Siloé, el dúo encabezado por Fito Robles junto a Xavi Road, hizo vibrar a sus crecientes fans que en las primeras filas gozaron del repertorio de los vallisoletanos. Con un pop al gusto de la juventud que no ha querido caer en la moda del trap o que, pese a haberlo hecho, sigue manteniendo sus oídos abiertos a otras músicas, consiguieron despertar los gritos y coros de unas primeras filas entregadas a sus canciones, así como lucir los flashes de los móviles como antaño pasaba con los mecheros.

El frío venció al público pero no a la música en Moreras

El Espacio Joven propuso para la tarde noche de este miércoles la reunión de una parte de la nueva hornada de bandas y artistas locales; sin adscribirse a ningún género concreto, ya que musicalmente cada una de las propuestas apunta hacia un lado.

La noche la abrió Anibal, el hombre orquesta callejero que entre su guitarra y su maleta-bombo ha hilado un repertorio que saldrá a la luz en formato CD el próximo 24 de septiembre titulado ‘Natural heritage’. Aunque, como él mismo explicó, cada canción muestra un rumbo, todas comparten un aire folk de corte estadounidense con letras en inglés intercambiando las guitarras eléctricas y acústicas jugando con la intensidad y sonoridad de sus temas.

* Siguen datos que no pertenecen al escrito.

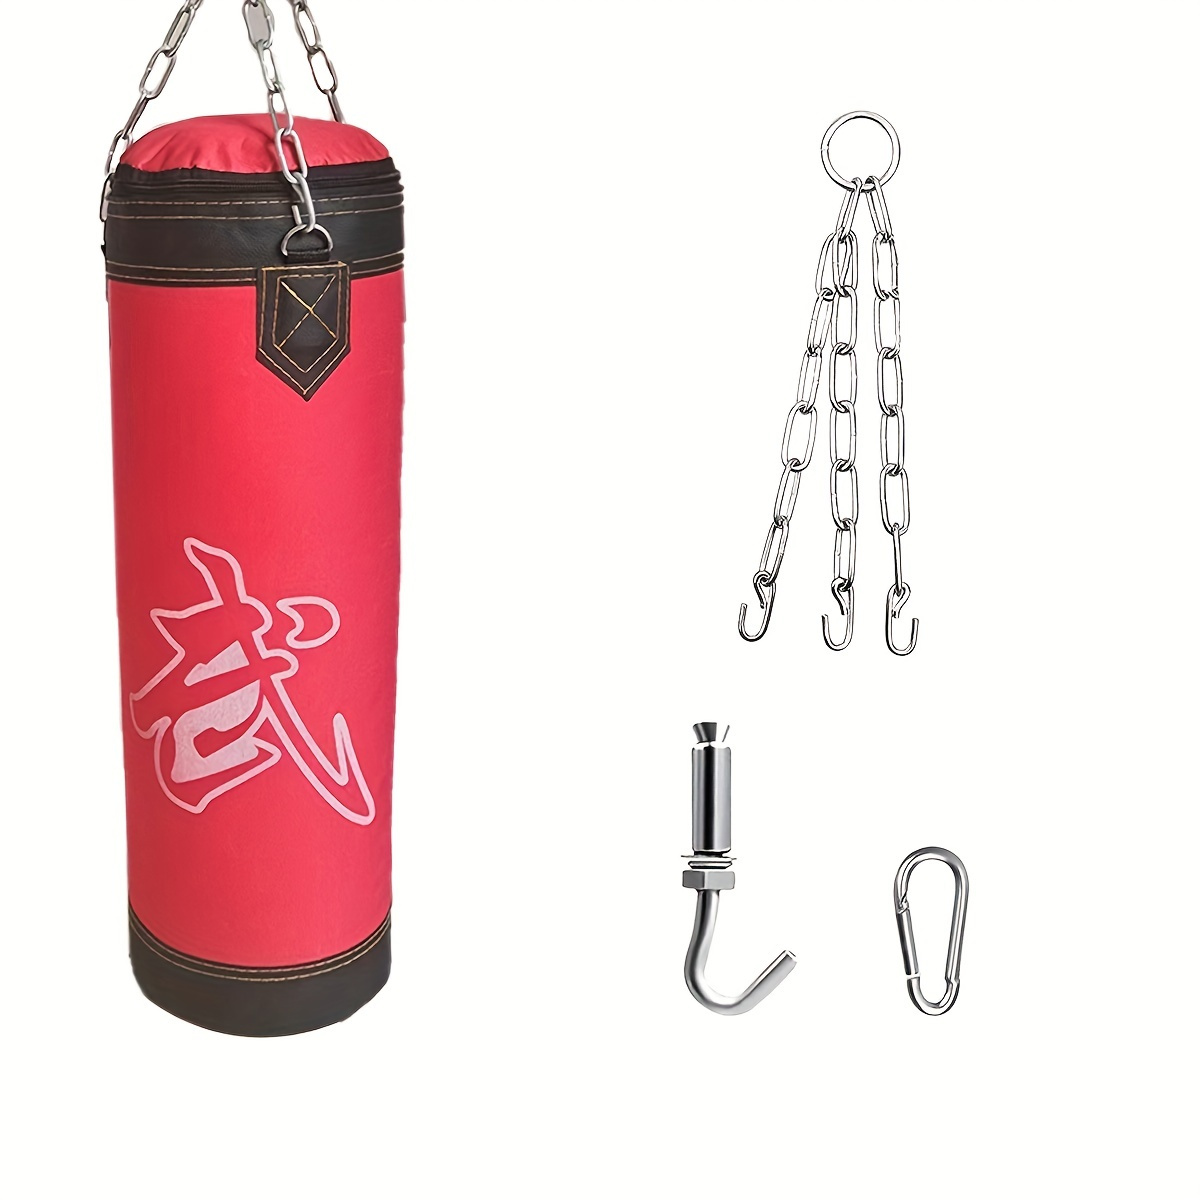 

Boxing Sandbag, Hanging Boxing Sandbag, With Hooks And Stainless Steel Chains, For Martial Arts, Combat Training, 60cm/23.62in, 1 Set

Igual que en la Plaza Mayor, los conciertos de este miércoles en Moreras no se caracterizaron por una afluencia masiva de público con un clima un tanto desapacible en el ecuador de las Ferias vallisoletanas. No obstante, quienes se acercaron disfrutaron de los temas y sátiras de Ley Mostaza, que, como de costumbre, repartieron a diestra y siniestra. Aunque más contenidas que en otras ocasiones, no dejaron en el tintero ninguno de sus éxitos dedicados al patriarcado, el acoso policial o la monarquía. La velada junto al Pisuerga la cerraron De Perdidos al Trío, que con el concierto de ayer abrieron una nueva etapa con su recién llegado pianista, Jesús Bravo, que demostró sus dotes a las teclas dejando claro que, aunque la formación varíe, quedan Perdidos para rato.